Data de Publicação: 2012
Outros Autores: Melo,Evandro de C., Lacerda Filho,Adílio F. de, Braga,José L., Cecon,Paulo R.
Tipo de documento: Artigo
Idioma: eng
Título da fonte: Engenharia Agrícola
Texto Completo: http://old.scielo.br/scielo.php?script=sci_arttext&pid=S0100-69162012000200015
Resumo: The present study aimed at evaluating the use of Artificial Neural Network to correlate the values resulting from chemical analyses of samples of coffee with the values of their sensory analyses.
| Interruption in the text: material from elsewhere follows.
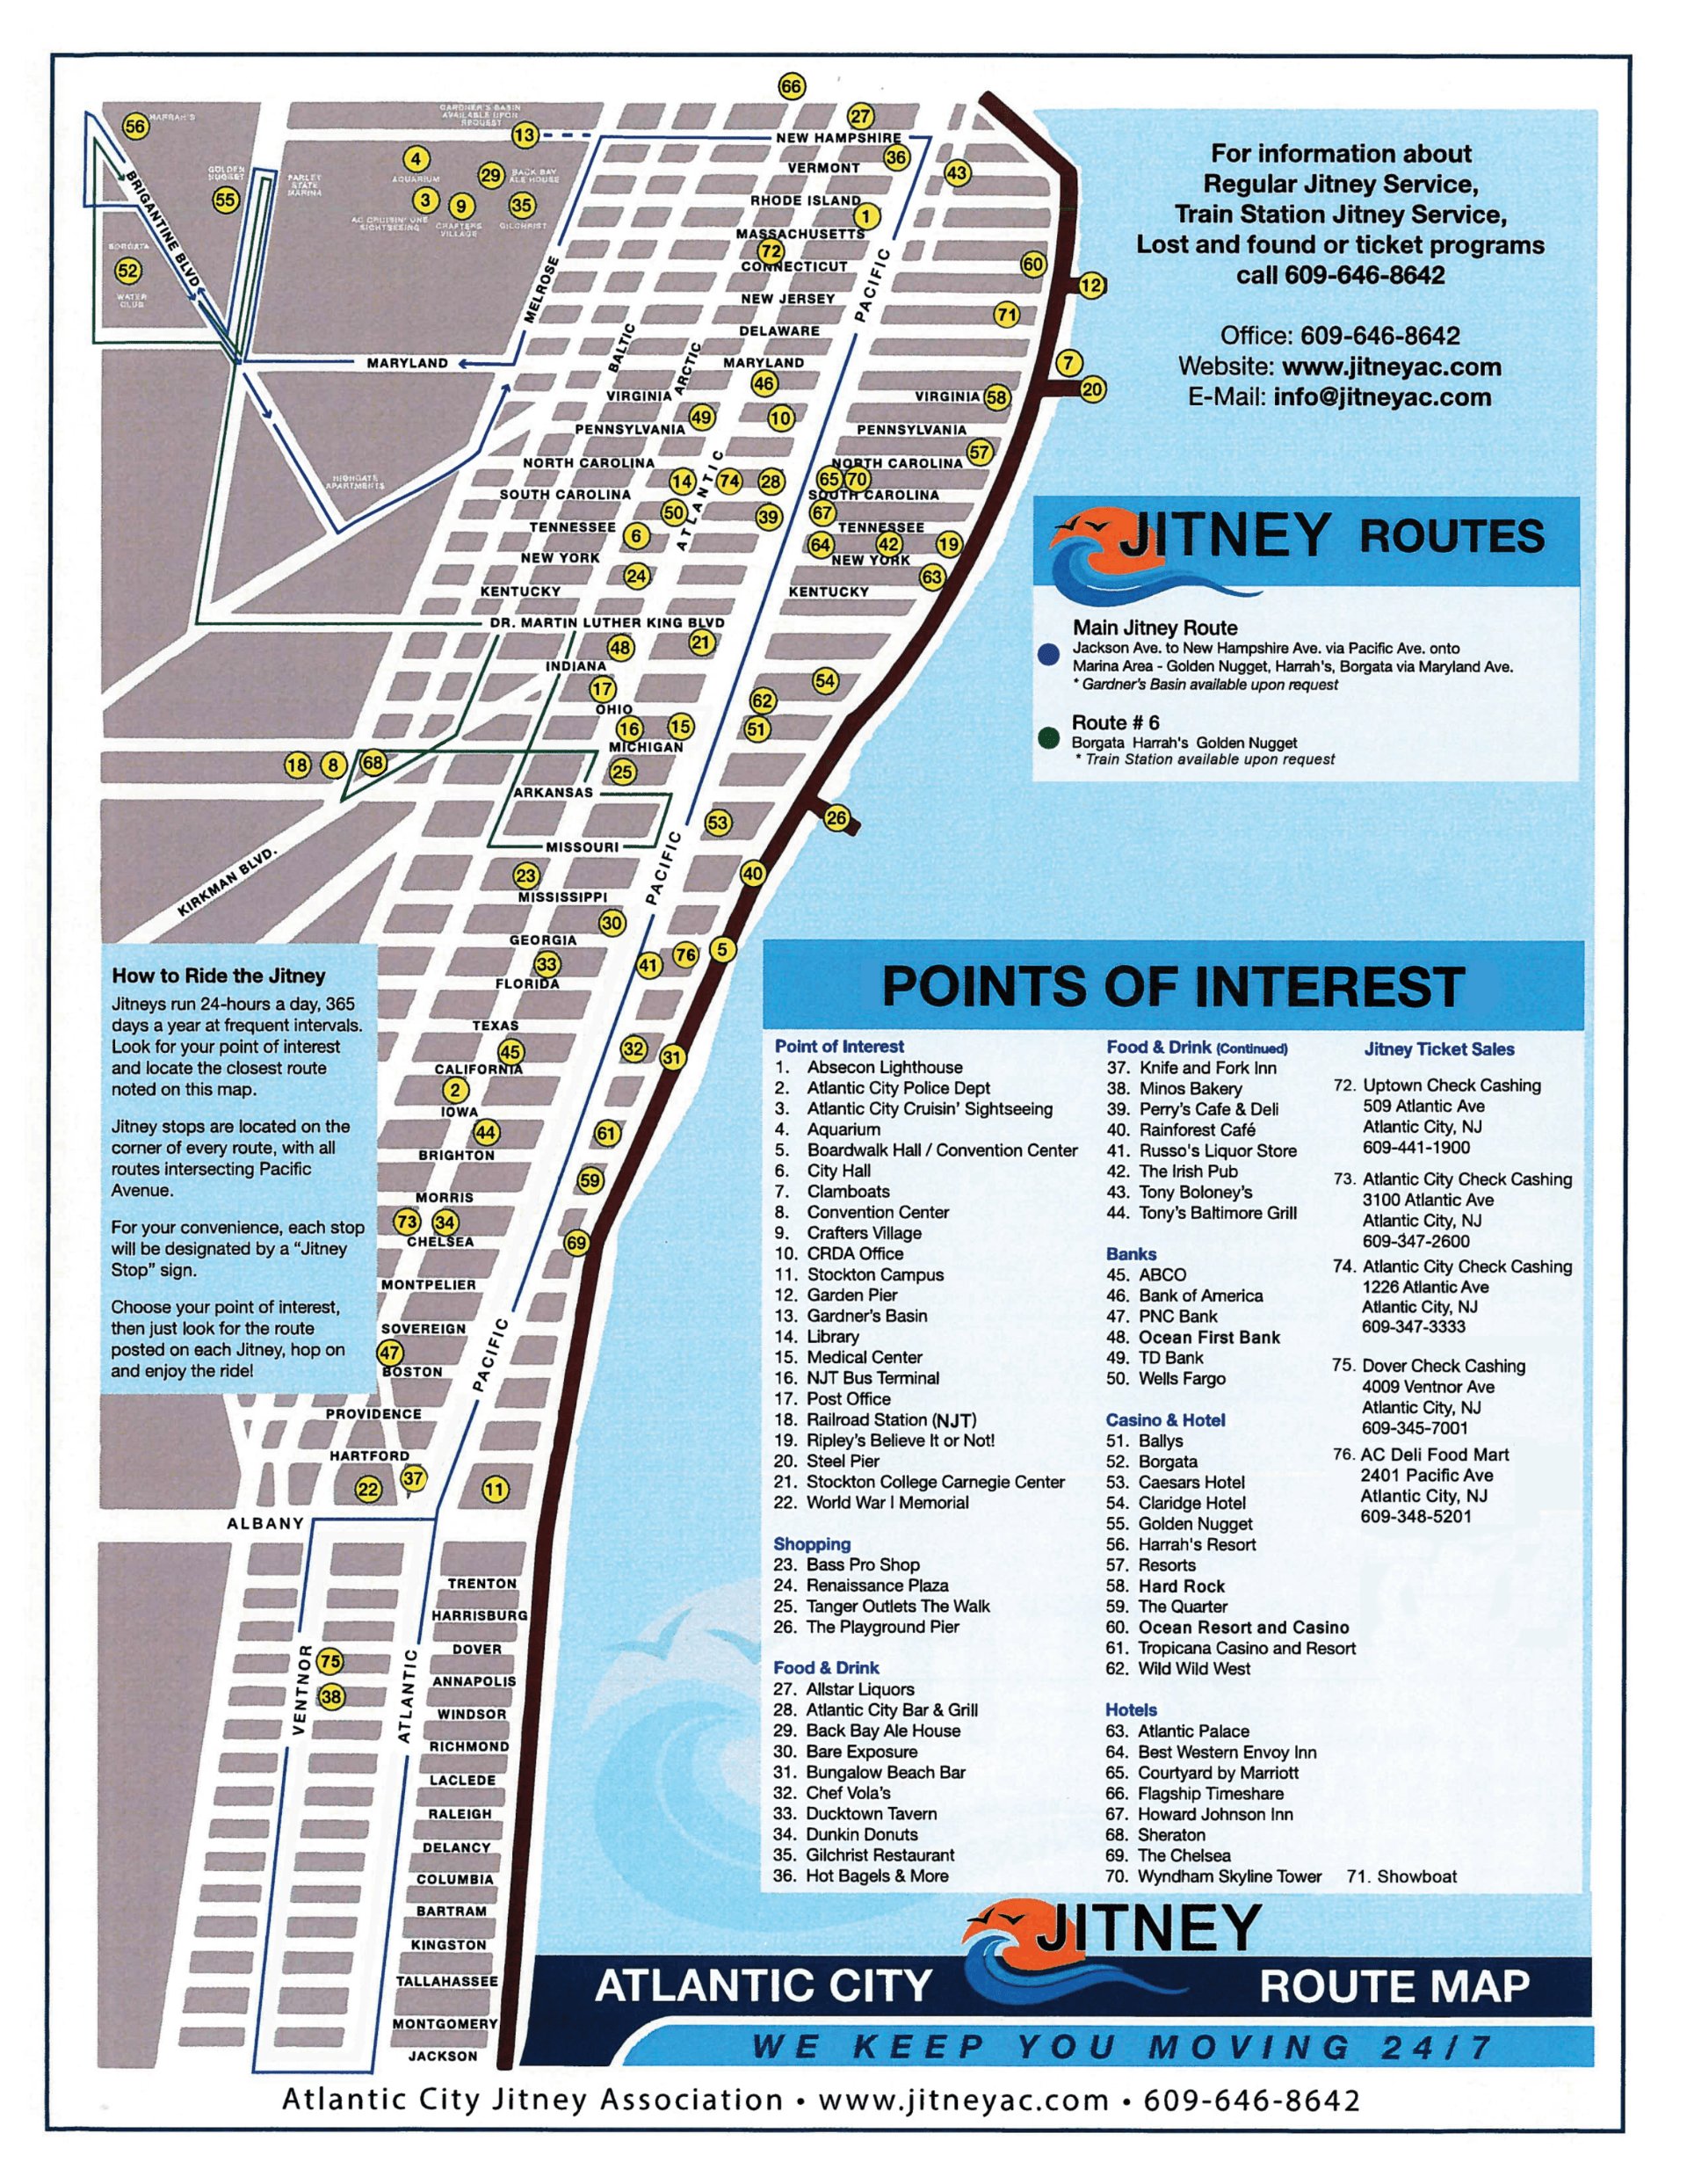 Atlantic City Routes Map

The coffee samples used were from the Coffea arabica L., cultivars Acaiá do Cerrado, Topázio, Acaiá 474-19 and Bourbon, collected in the southern region of the state of Minas Gerais. The chemical analyses were carried out for reducing and non-reducing sugars. The quality of the beverage was evaluated by sensory analysis. The Artificial Neural Network method used values from chemical analyses as input variables and values from sensory analysis as output values. The multiple linear regression of sensory analysis values, according to the values from chemical analyses, presented a determination coefficient of 0.3106, while the Artificial Neural Network achieved a level of 80.00% of success in the classification of values from the sensory analysis.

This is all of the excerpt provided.